Task requirements: The response should contain only the line with "UK10 28.5cm 新品" and every line after it to the end of the listing below, duplicated exactly; no picture belongs in it.

Input data:

Segment Open

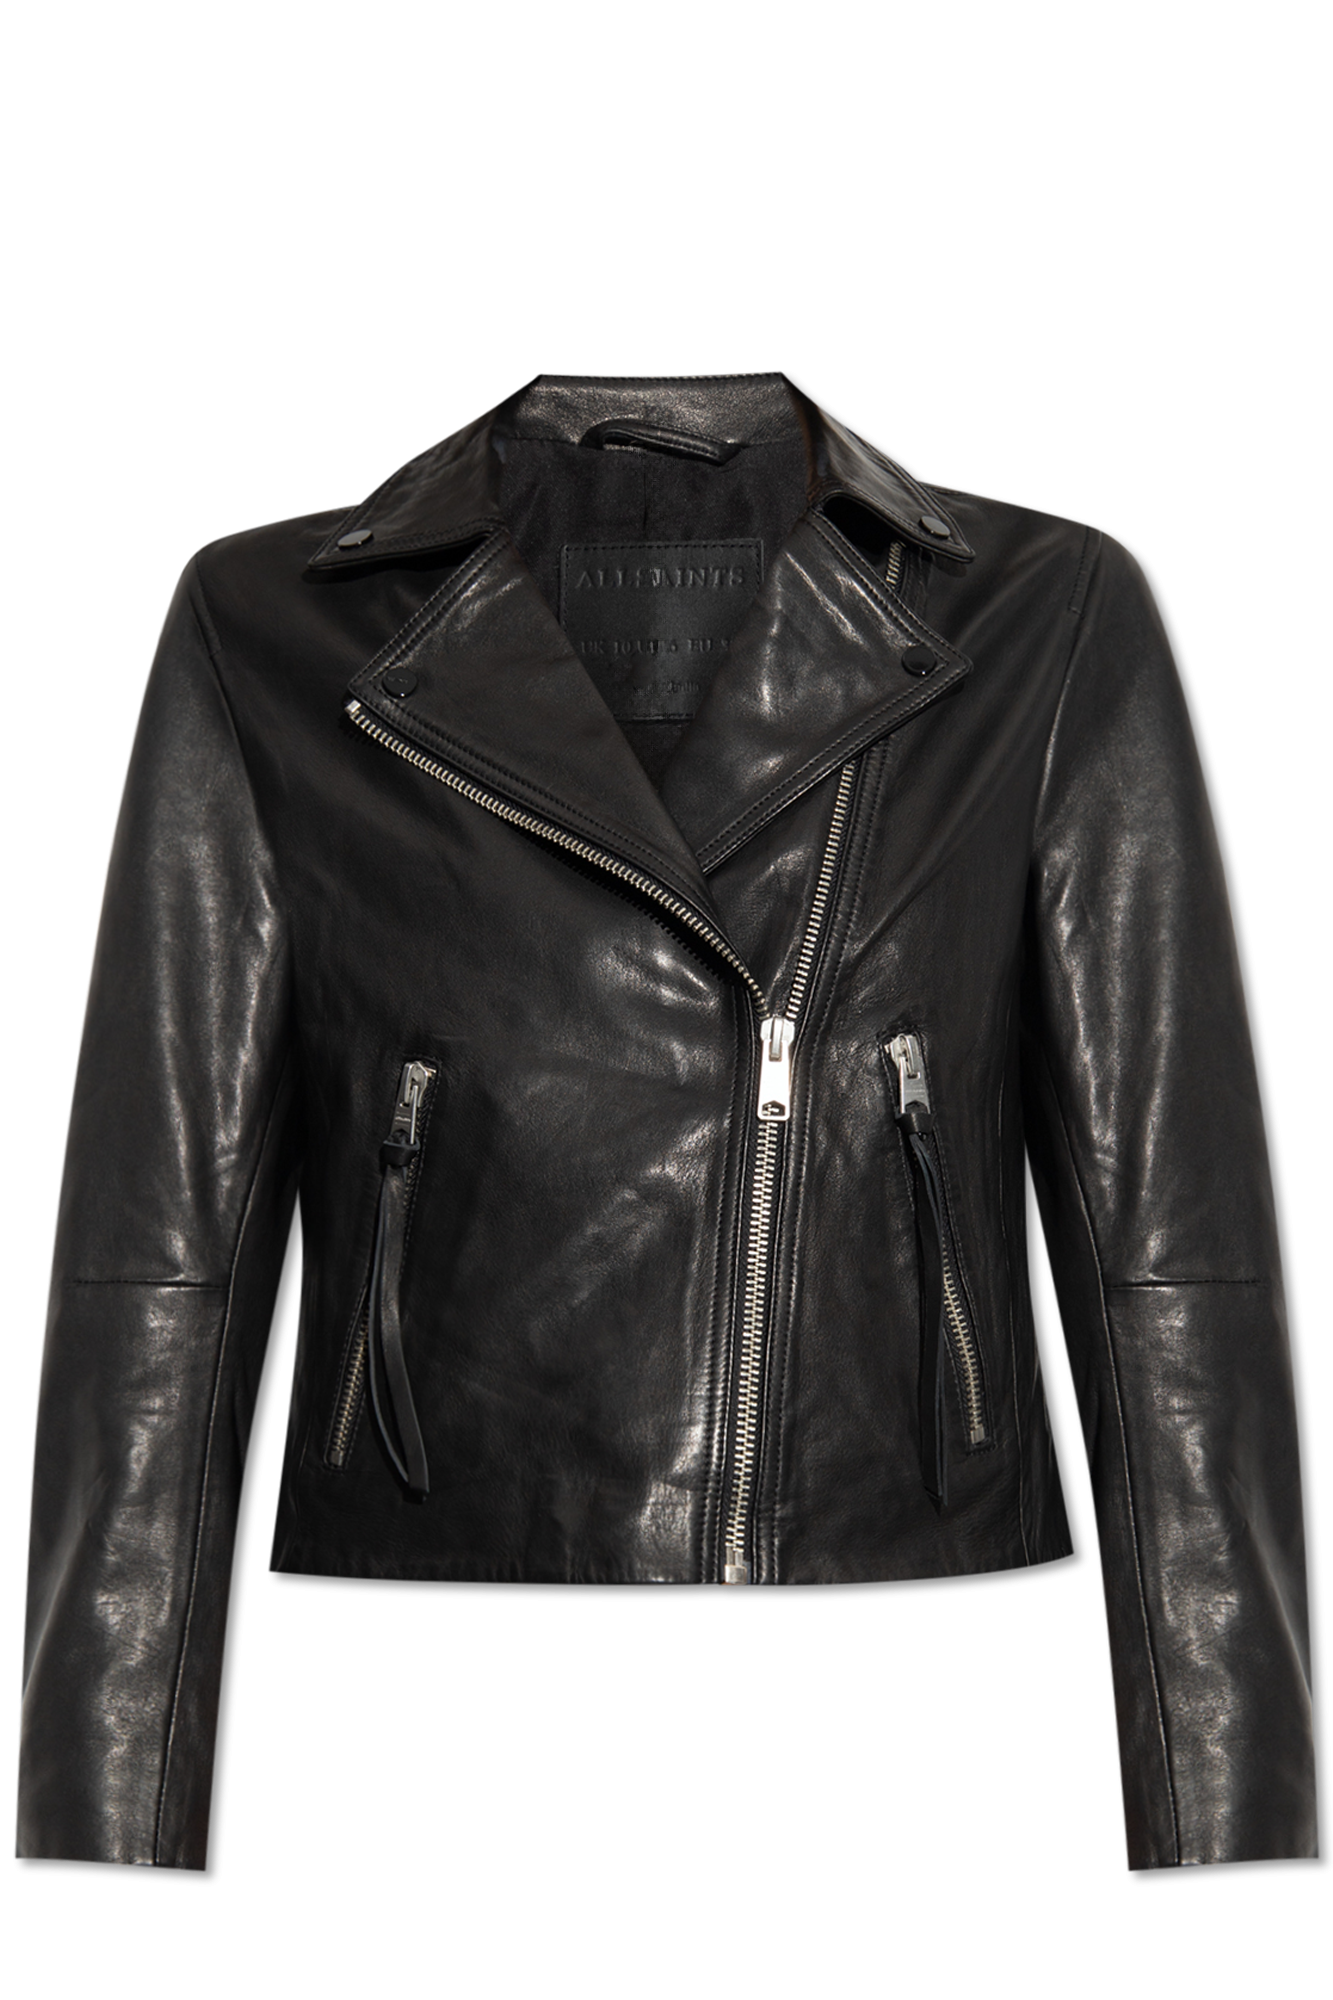 Louis Vuitton Black Leather Lambskin Moto Biker Jacket Size 34 2 US Women
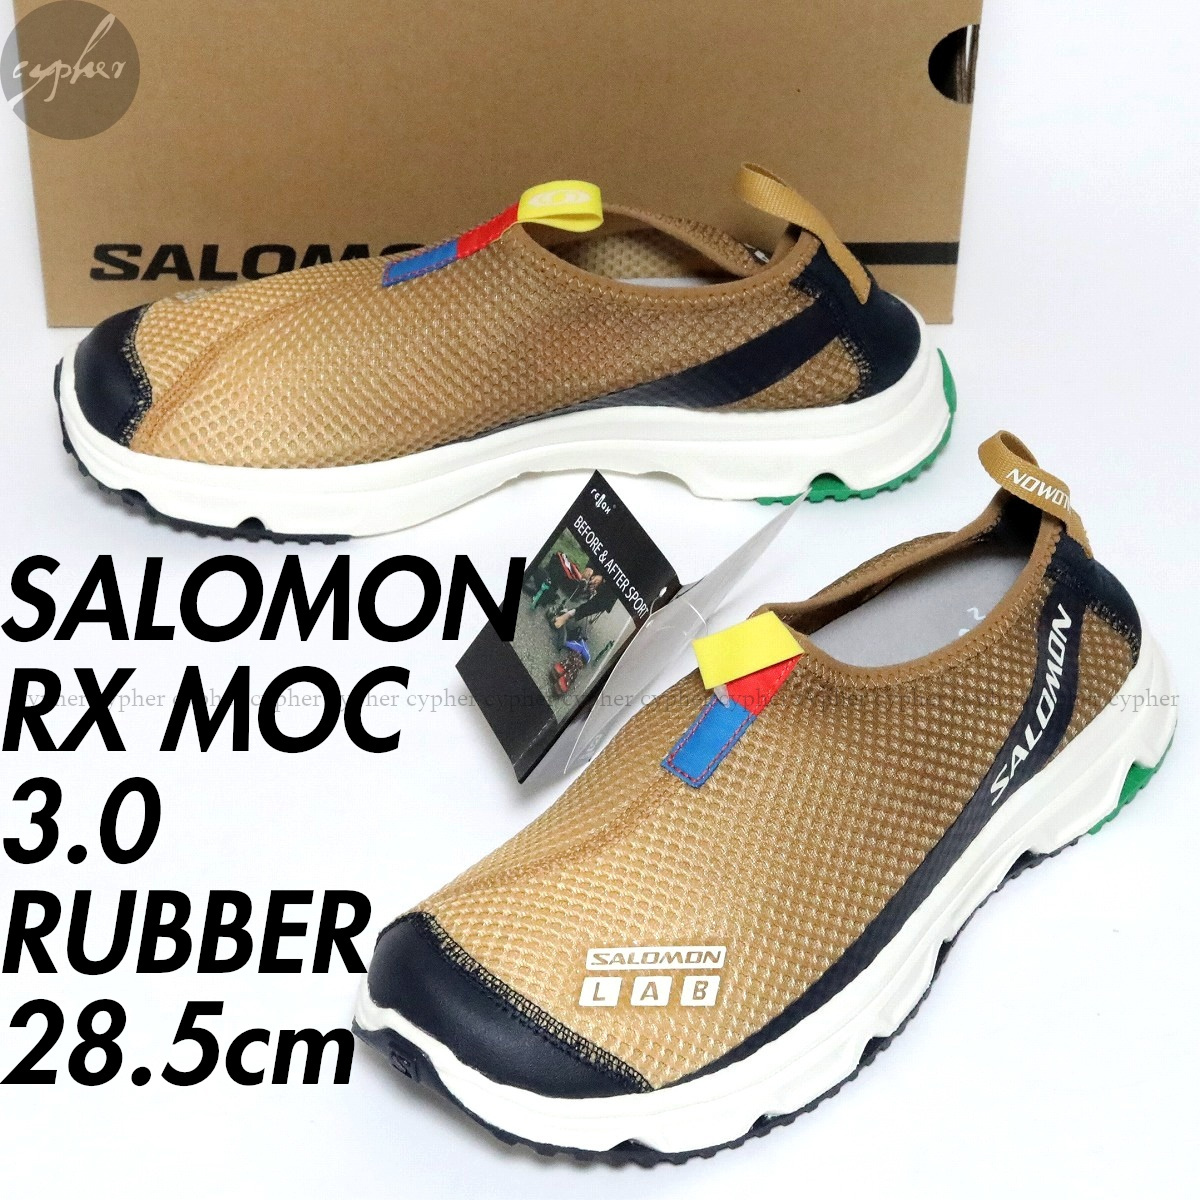 UK10 28.5cm 新品 SALOMON RX MOC 3.0 Rubber Taffy Granada Sky サロモン モック スニーカー スリッポン シューズ ブラウン ベージュ_画像1
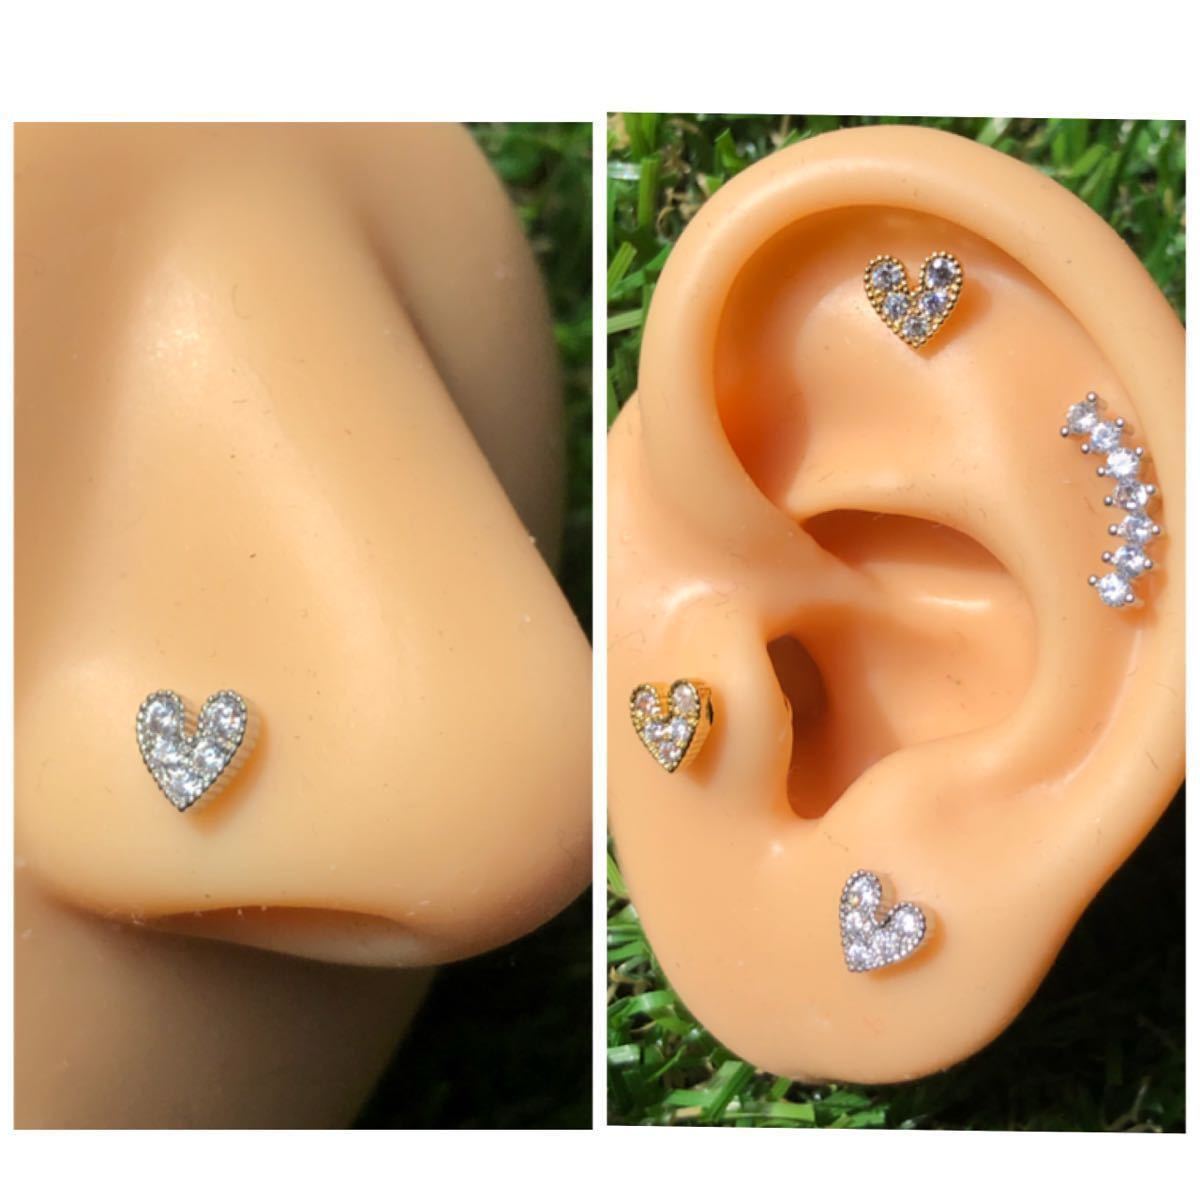 [ anonymity delivery ] body pierce 20G 1 piece la Brett stud heart motif brilliancy Cubic Zirconia silver ear .. First earrings 
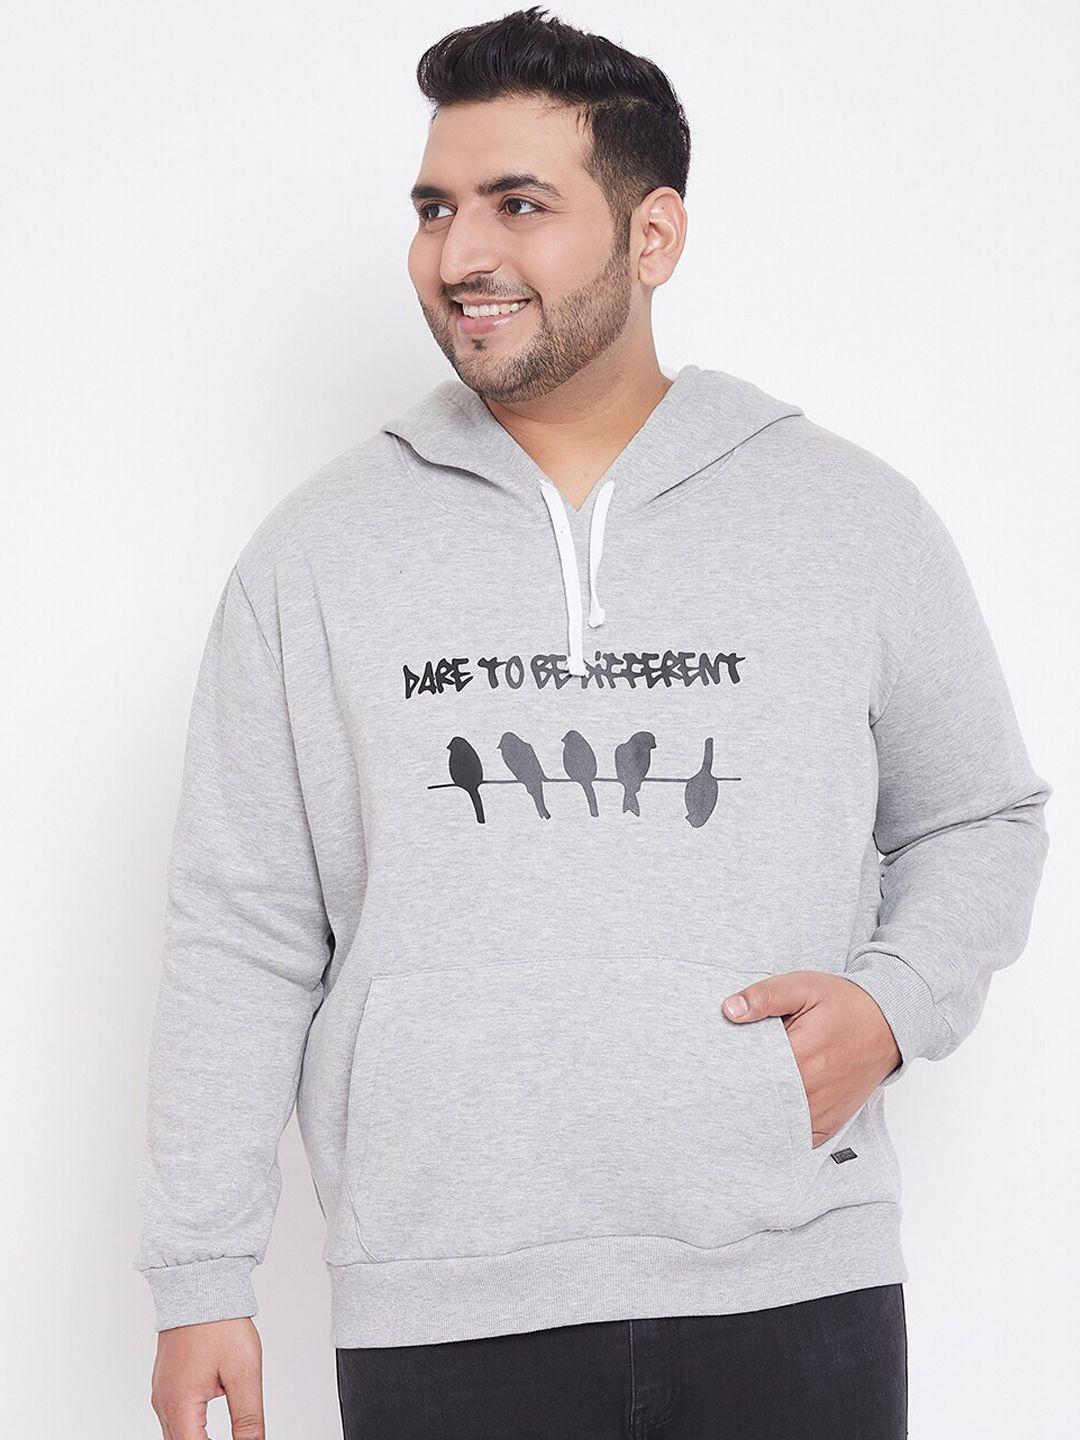 Instafab Plus Men Grey Typography Printed Hooded Sweatshirt

Segment Closed

Completed task:
 UK10 28.5cm 新品 SALOMON RX MOC 3.0 Rubber Taffy Granada Sky サロモン モック スニーカー スリッポン シューズ ブラウン ベージュ_画像1
 [ anonymity delivery ] body pierce 20G 1 piece la Brett stud heart motif brilliancy Cubic Zirconia silver ear .. First earrings 
 Instafab Plus Men Grey Typography Printed Hooded Sweatshirt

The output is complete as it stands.